My annoyance is with the ATSB for throwing Boeing under the bus while ignoring the (active) negligence and complicity of their Malay buddies.
BTW, I do love my Glocks.
@TBill and @Jeff:
That should perhaps not necessarily be frowned upon since international insurance covenants make formal judicial behaviour very instrumentalised. There are, if I remember correctly, time limits for certain claims, and they need to be filed in the (U.S.) state of the manufacturer, in this case. Otherwise pax complaints will automatically (or so) fall under the “Montréal convention” (and you can all hear how that sounds), with peanuts to be paid in decades time. So these will be generalized “as if”-filings waiting to be activated if the plane is eventually found and Boeing actually found to be responsible. One of the bottom principles behind this is of course that if Boeing actually was guilty, and knew that perfectly well, and even where the plane was to be found, it might just be that they wouldn’t exactly rush to tell anyone about that before the time-limits expired. And they would probably have better means than most world states to actively slow up or disturb the process of ever finding the plane. And there will be other companies less “self-preserving” (professionally) than Boeing in the world.
@Tbill, @sk999:
I apologize for mixing you guys up. You noticed that.
@sk999:
Your nick is the last slot that Scandinavian Airlines uses for flights to China. I am not sure it is in use but I noticed a SK998 between Shanghai and Copenhagen. A coincidence?
Johan,
Regarding my “nick” and Scandinavian, pure coincidence. Just remember, when you pronounce it, the 9’s are silent.
@sk999:
That would be the next guess. There’s a lot of S.K.’s out there?

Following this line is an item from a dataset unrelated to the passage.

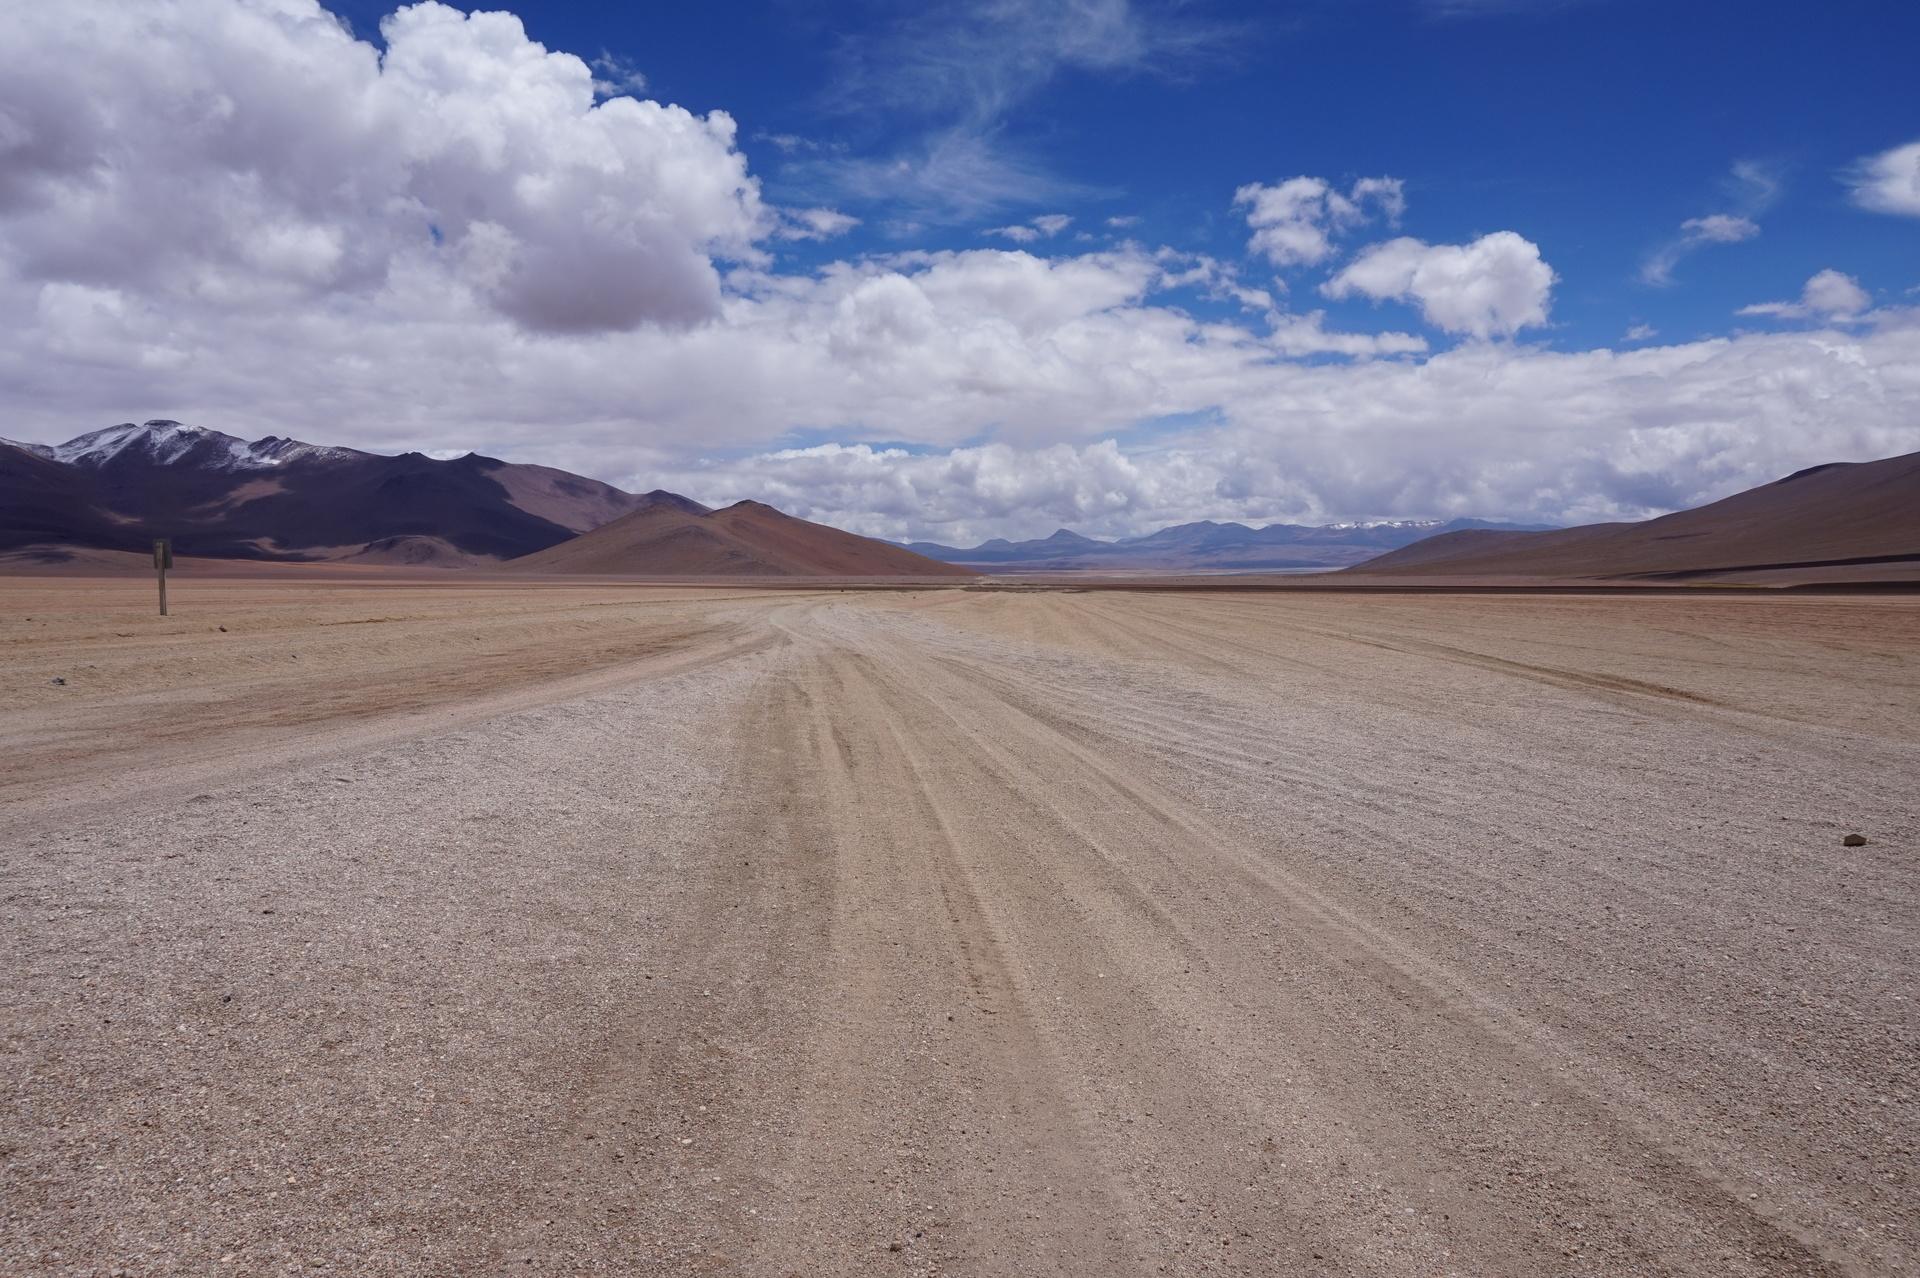 チリ ボリビア ウユニ旅行 2泊3日ツアー ダリ砂漠
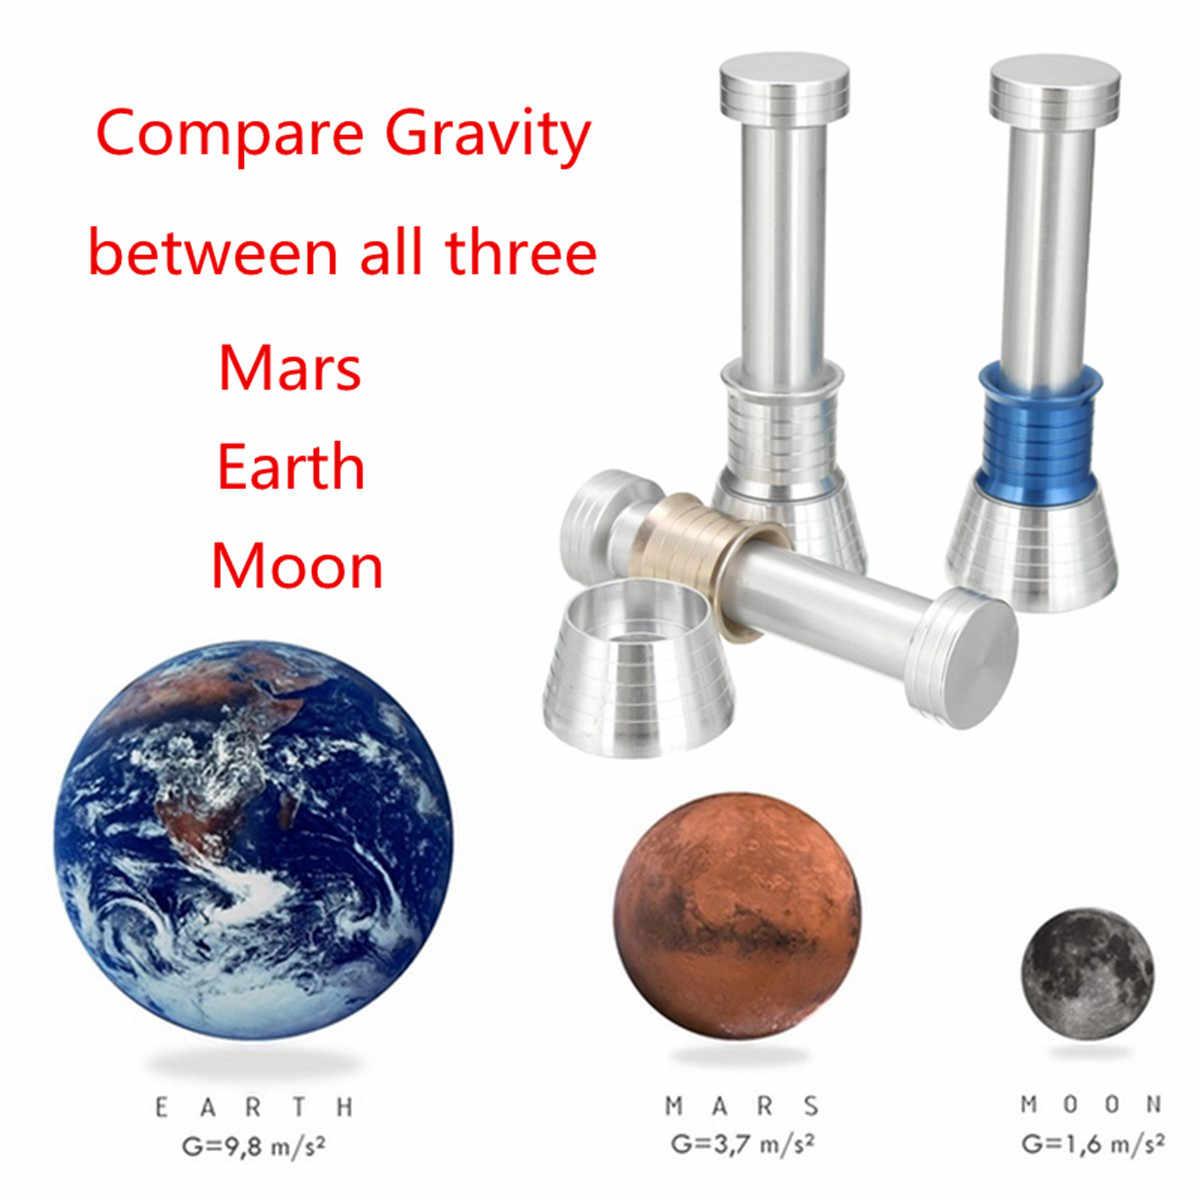 Moondrop Fidget juguete de alivio de estrés Spinner mano Spinner tri-Spinner muestra la gravedad de la Luna para la Ciencia juguetes para niños adultos juguete regalo

I hope you don’t need to retire that nick….:-)
I tried for a “strategic” interpretation of the SDU reboot not too long ago that I will hereby update in accordance with my recent efforts concerning the point of going dark. It is under conditions as before and limited to a “psychological-strategic” dimension: the reboot is obviously not conducted to camouflage the change of direction (for post-event analysts), since an incoming call thus made possible would destroy that aspiration. Instead the logic is apparently the opposite: the reboot is made when out of reach of radar and more importantly, pursuing fighter jets (my hypothesis) in real-time. When the reboot is made but no one picks up an incoming call the plane might be designated “rogue” and countries in the extension of the path the plane follows might have to be alerted (which effectively is camouflage of the turn in real-time after all). The reboot is also made for the perp to be able to ascertain if ground believes (in real-time) him to have perished already at Igari (no incoming calls) or if they have seen him on the way across the peninsula but believed him to be a known aircraft in distress — i.e. if HCM reported back that he didn’t sign on (few incoming calls), or if they have seen him and regarded him/ switched to regarding him as hostile/rogue (many incoming calls, perhaps through different channels?). He may thus adapt his choice of path/ position / time for FMT in accordance to his estimate of how they perceive him during a stretch of time. The FMT and the end of the Journey might thus be conditioned by if he believed ground to be “on to him” at that moment (keep off India, go further away from Australia, turn sooner or later etc.). Last but not least the reboot is thus also made to signal to ground that he is still in the air (but out of reach, one step ahead), and make it possible for post-event analytics to see, step by step, how far he managed to go, for how long he stayed in the air and roughly the direction he chose. The reboot signals in a sense that he is out of reach and that he “got away with it” at the same time as it allowes him to plan for his own demise. What was it, two incoming calls? I would continue until loss of fuel, as if it were a ghost flight.
Continued:
The calls were made very late weren’t they? I would make FMT as early as possible outside Indonesian radar / fighter jet capabilities, and sit by the controls and make a turn away from inhabitated areas after each incoming call. Does that make sense?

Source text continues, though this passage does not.